There was crime on Orcas, but it occurred at such a remarkably low level that anyone who wanted to could easily persuade himself that he lived on an island embraced by only peace and serenity. Bobbing in a sea of denial.
HIGH CITY CRIME RATES didn’t drive my wife, Sandi, and I to Orcas, but as the little SUV that did slipped sideways down an icy road toward the Anacortes Ferry Terminal one cold January morning in 2007, a sense of safety and security was part of the overall flush of warmth that came when the calm sea and the islands appeared and we knew we were here for good.

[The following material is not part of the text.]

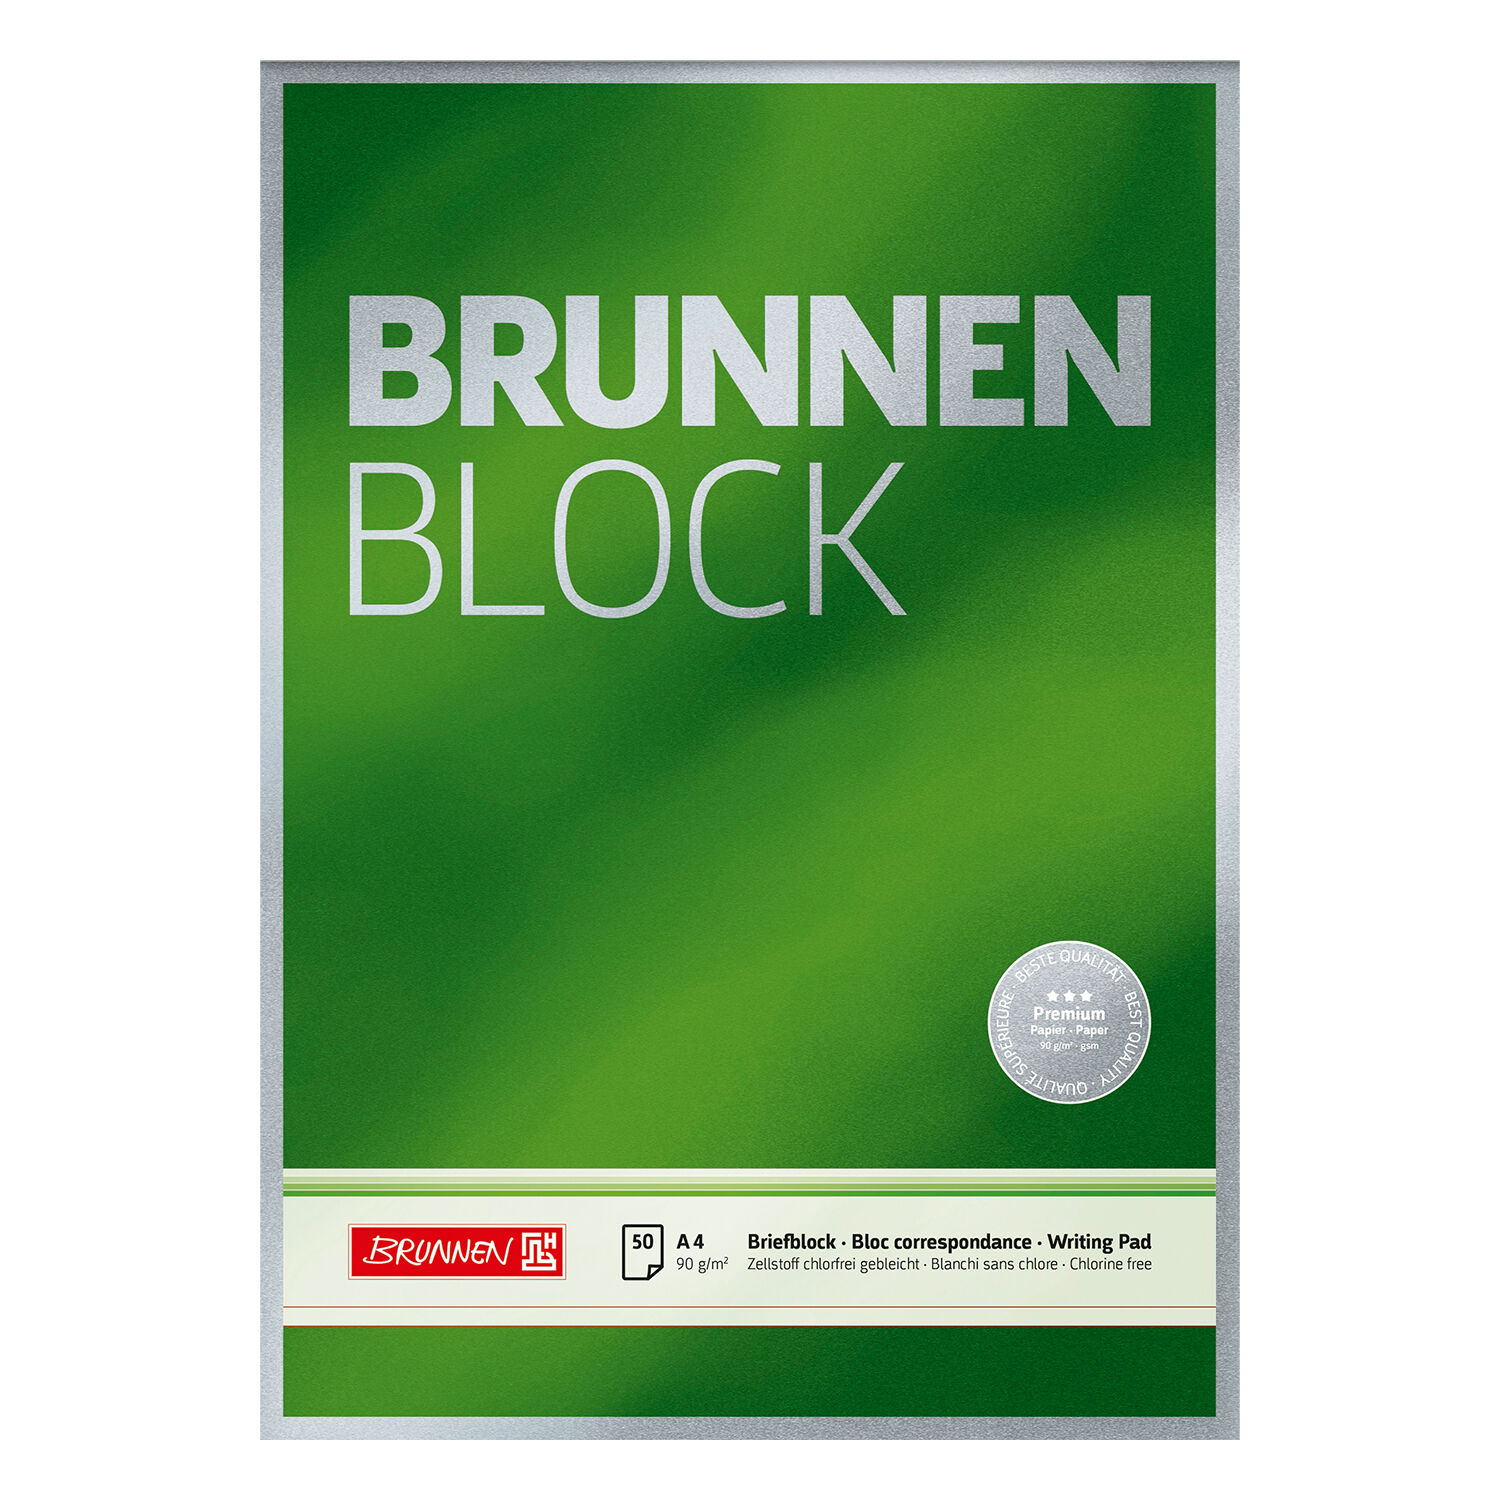 NEU Brunnen-Block Premium DIN A4, 90g, 50 Blatt, unliniert
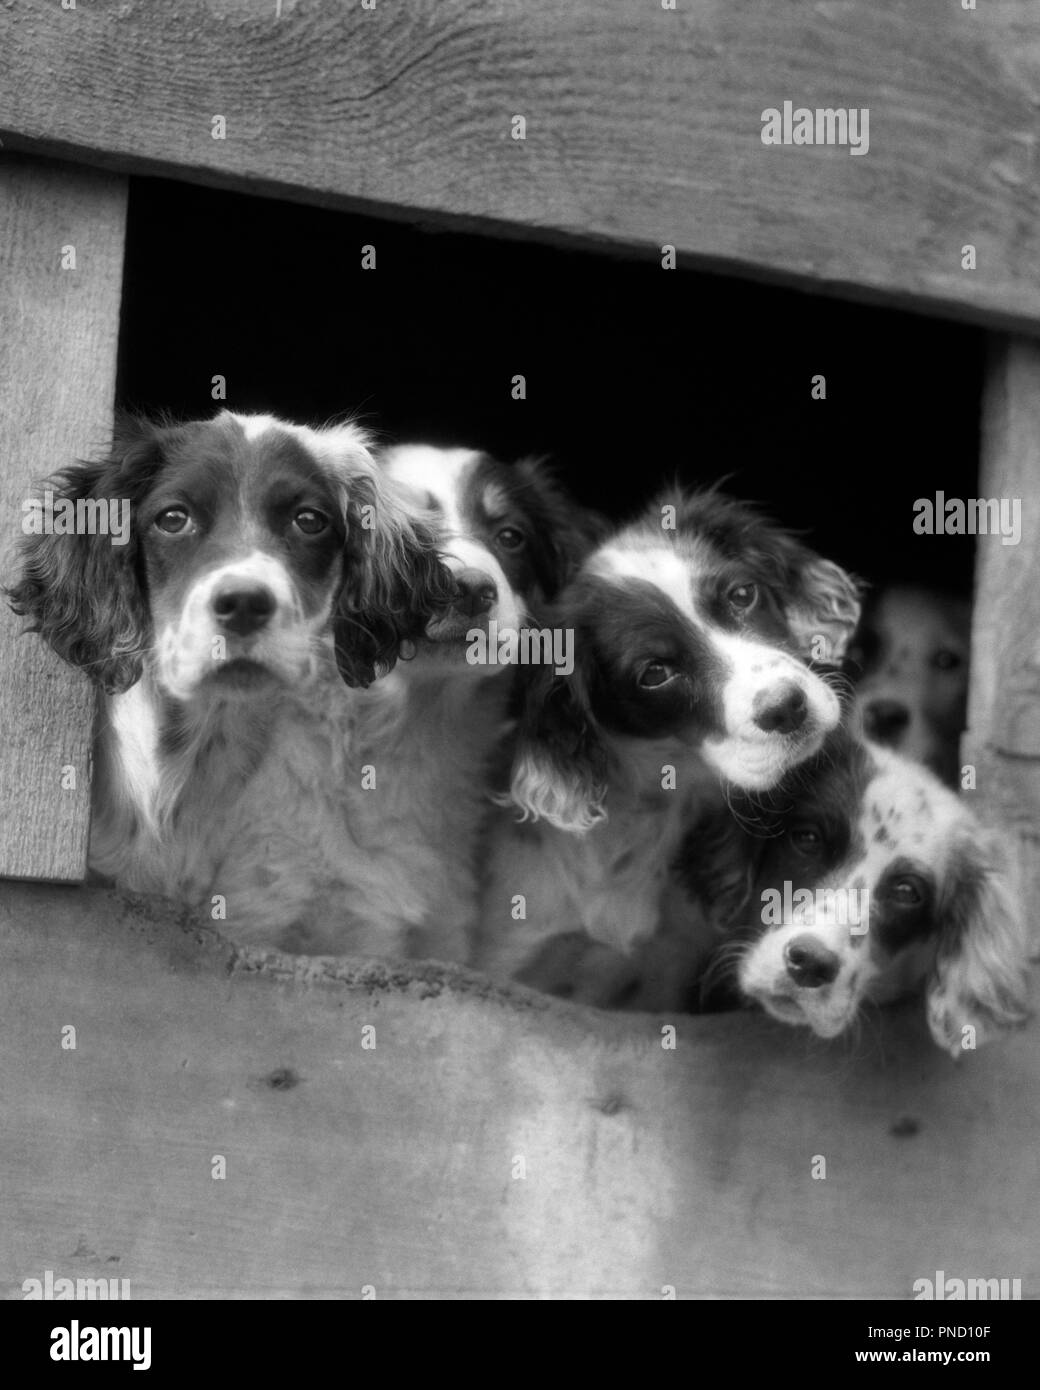 Anni Venti anni trenta cinque cani Setter inglese cuccioli con teste sporgenti di apertura nel canile guardando la fotocamera - d2090 HAR001 HARS ESTERNO SPERANZOSO SETTER CUCCIOLI BLOCCATA IN OCCASIONE DELLA CONNESSIONE POOCH affollamento close-up curioso elegante DARLING CHE VOGLIONO CANINE LONESOME mammifero convivere adorabili attraente IN BIANCO E NERO HAR001 curiosi di vecchio stile Foto Stock

We’d been living in Orlando (“Place Where Humidity Lives”), where I worked as the editor of Caribbean Travel & Life magazine. The position was intended as a short cash-replenishing pit stop in an otherwise freelance writing and photography career. Meeting Sandi convinced me to stay longer and buy a house on an oak-lined brick street in the downtown historic district. The 1917 bungalow had been listed as a unique fixer-upper opportunity. Its brass historic plaque was the only solid part of the structure, which remained standing despite the millions of termites that found its Craftsman architecture charming and its floor joists delicious.
It took more than a year to make the house livable. The night before we were to finally move in, I began to load up all my tools. I’d been hauling gear back and forth every day to a dingy garage apartment, just in case. But now why bother? We were going to be living in the house in eight hours. I left the tools in the bedroom.
When I showed up the next morning, everything was gone. Saber saw, circular saw, Sawzall, all gone. More tools, equipment, and a couple of bikes were missing from the garage. As I was calling the police, two guys inside a beater car pulled up the driveway, then immediately reversed out when they saw my truck behind the house. They’d come back to load up the rest of our stuff. I ran out of the house and into the street, but couldn’t get the plate number.